Subplot 1a introduces Danno’s nephew Eric, played by Andrew Lawrence (United States of Tara). He is a budding juvenile delinquent, a smart-enough kid with no direction and too much time on his hands. Apparently Danno’s sister is a single mom, and she has sent him to get some tough love from Uncle Danny – though I’m not sure that sending a teenage boy from New Jersey to Hawaii counts as tough love. Danno treats Eric like a failure but brings him along on the murder investigation. Surprise! Given a purpose, the kid is perceptive enough to actually help. Will he become a recurring character? I don’t know. Isn’t Danno already struggling to spend enough time with his daughter?
Subplot 2 brings back old friend Sang Min (Will Yun Lee). I love this guy! Sure, he was poised to kill Kono back in the series premiere, but the character has evolved since then. He was the brash, scenery-chewing head of a human-trafficking ring in that first episode; since then, imprisonment has left him, like one of his illegal-immigrant victims, on the periphery of society – participating but unable to partake – invisible to the ex-wife and son he loves. Sang Min has served many purposes in his many reappearances – suspect, snitch, sonofabitch – and earned a grudging respect from members of the Five-0 team. At times he appears almost bipolar, menacing one moment but comic relief the next.
In this episode, Kono must babysit the convict who previously nicknamed her “Spicy” when he is flown in from a mainland prison to testify in a federal trail. We get a very 1980s Sang Min rocking a mullet and singing Poison’s “Unskinny Bop” in the shower. But he has his own agenda and already has set his plan in motion.
The thing about this subplot is that it’s virtually self-contained. Except for an unnecessary briefing Chin Ho gives Kono over the phone, there is no interaction between the characters in the murder plot and those in the Sang Min subplot. I wonder if the latter was written for an entirely different episode before being grafted onto this one.
In Brief
- The gimmickry will continue in the next episode, scheduled to air Sunday, Jan. 20, after the NFL’s AFC Championship game. TV Guide reports that the hour will include seven previously unreleased Jimi Hendrix songs.

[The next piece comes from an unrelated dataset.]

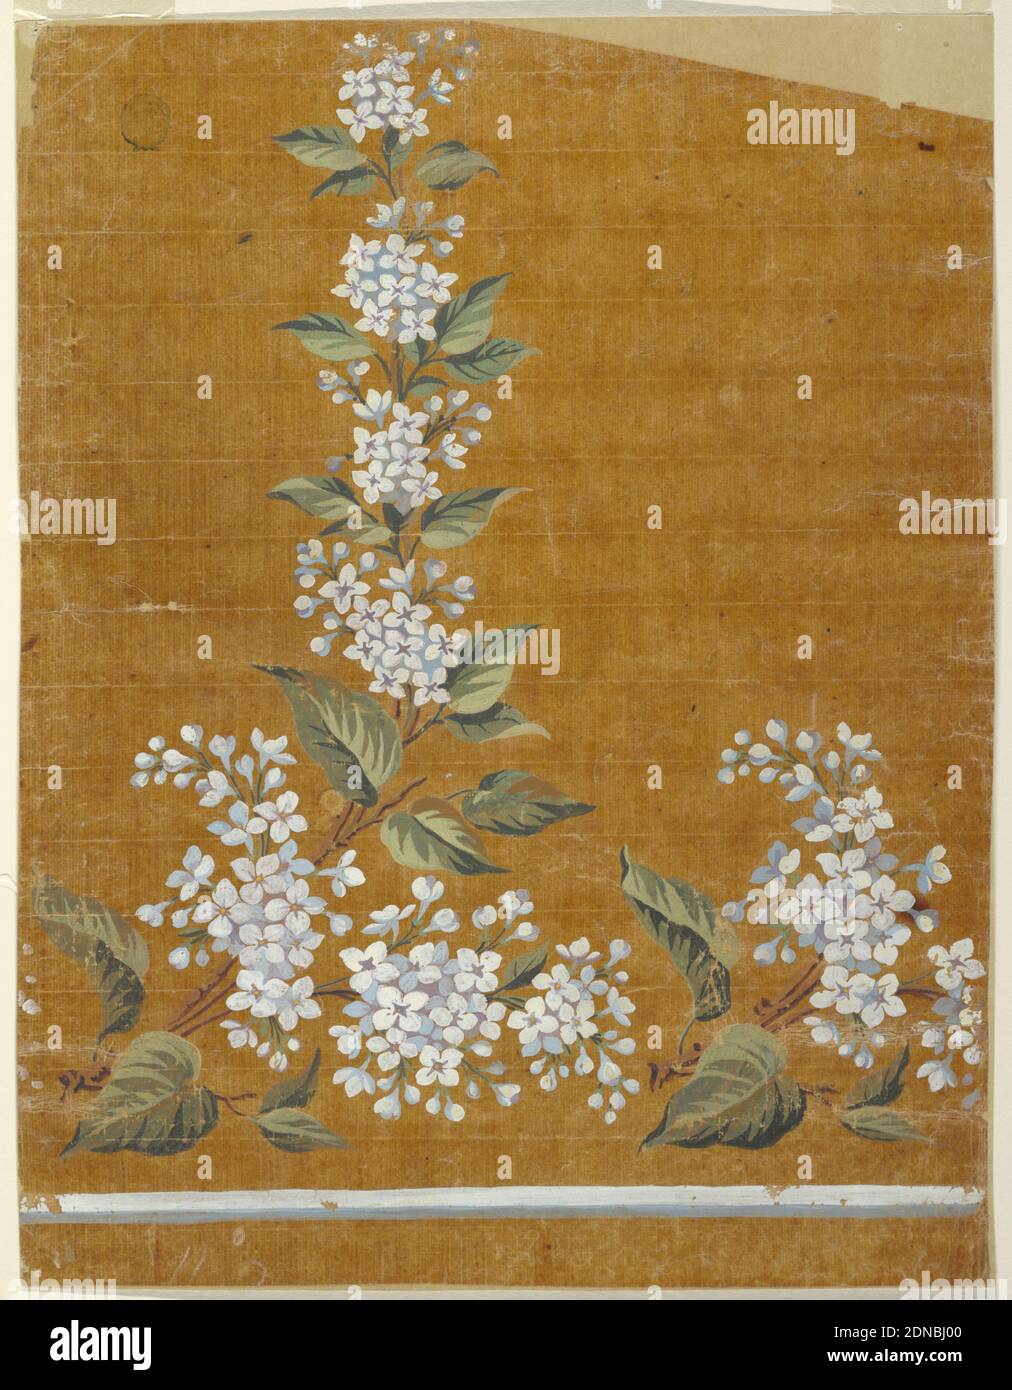 Design for the Border Motif of a Woven Fabric of the 'Fabrique de St. Ruf', Fabrique de Saint Ruf, Lyon, France, Brush and gouache on oily tracing paper, Boughs with leaves and and bluish blossoms stand over a white and blue stripe. One bough and the lower part of a second one are shown., France, 1800–1825, Drawing Stock Photo

- Episode 12 did not advance any of H50‘s ongoing story lines. Several important characters – Max, Catherine and Doris – were missing as well, though Max was referenced once in the dialogue. And arch-villain Wo Fat has been AWOL since the season premiere.

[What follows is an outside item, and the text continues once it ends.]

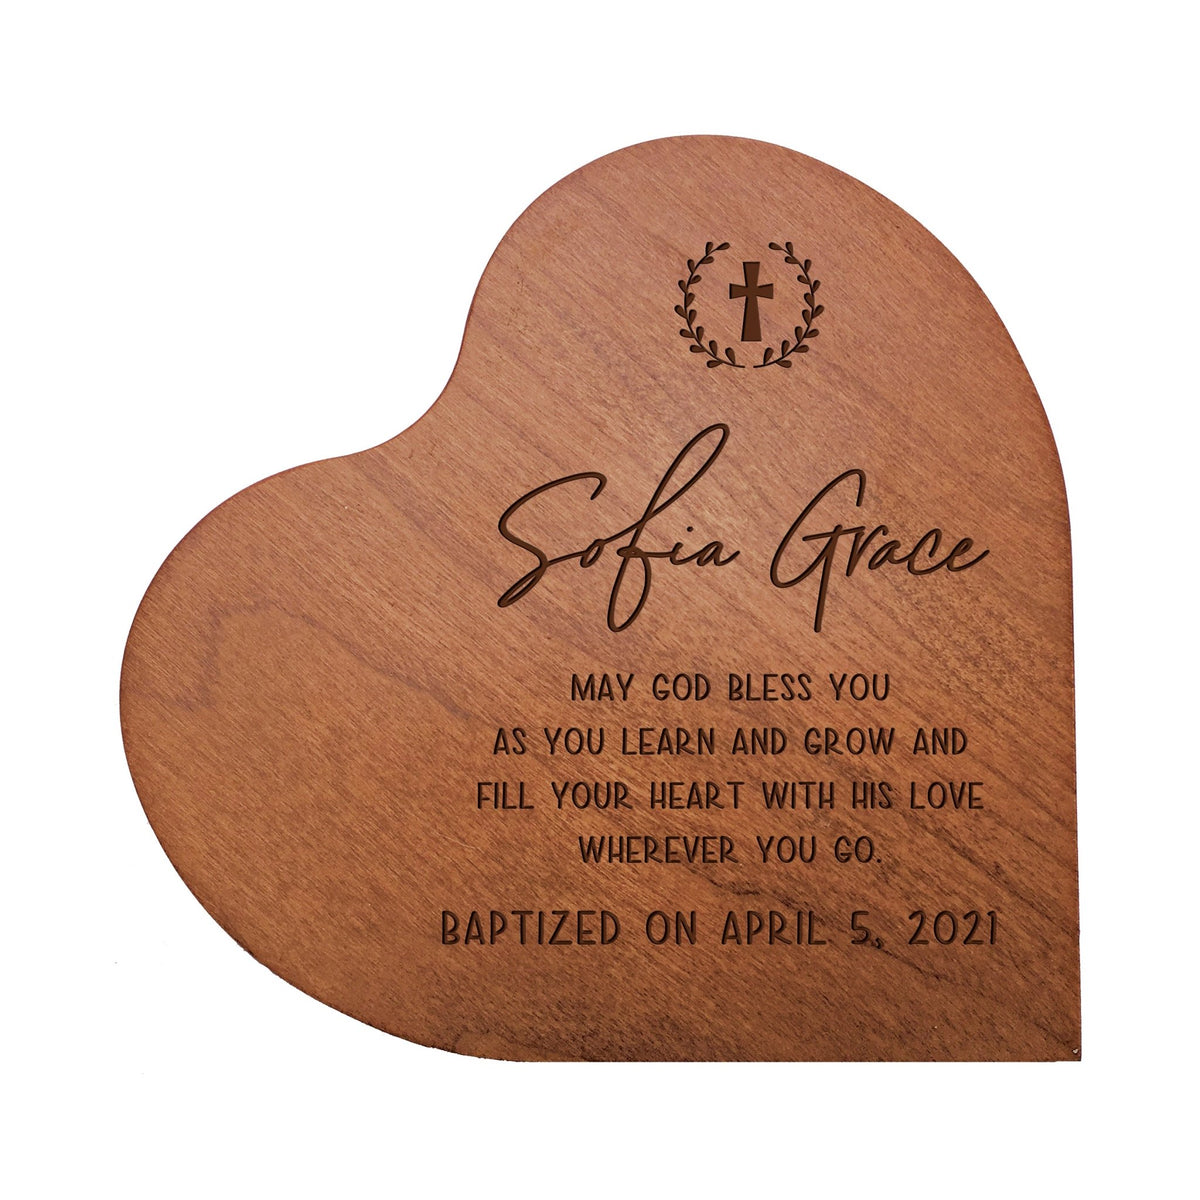 Personalized Baptism Solid Wood Heart Decoration With Inspirational Verse Keepsake Gift 5x5.25 - May God Bless You - LifeSong Milestones

- CBS tweeted that Terry O’Quinn will return to Hawaii Five-0 as Steve’s mentor, Joe White, later this season. I guess ABC’s quick cancellation of 666 Park Avenue has left O’Quinn with time on his hands. Kind of like when ABC freed up Michelle Borth to become an H50 regular by canceling her fine series Combat Hospital.
- Speaking of Borth, Executive Producer Peter Lenkov told AccessHollywood.com that her character, Navy Lt. Catherine Rollins, will be called back to active duty but remain available to do favors for boyfriend Steve. Geez, hasn’t that scenario been played out? Far more interesting was her developing relationship with Mama McGarrett.
- In the same interview, Lenkov revealed that singer Jimmy Buffett will make a return appearance as helicopter pilot Frank Bama.
###
Stuart J. Robinson, a college friend of the TV Tyrant, is a writer, editor, media-relations practitioner and social-media guy based in Phoenix.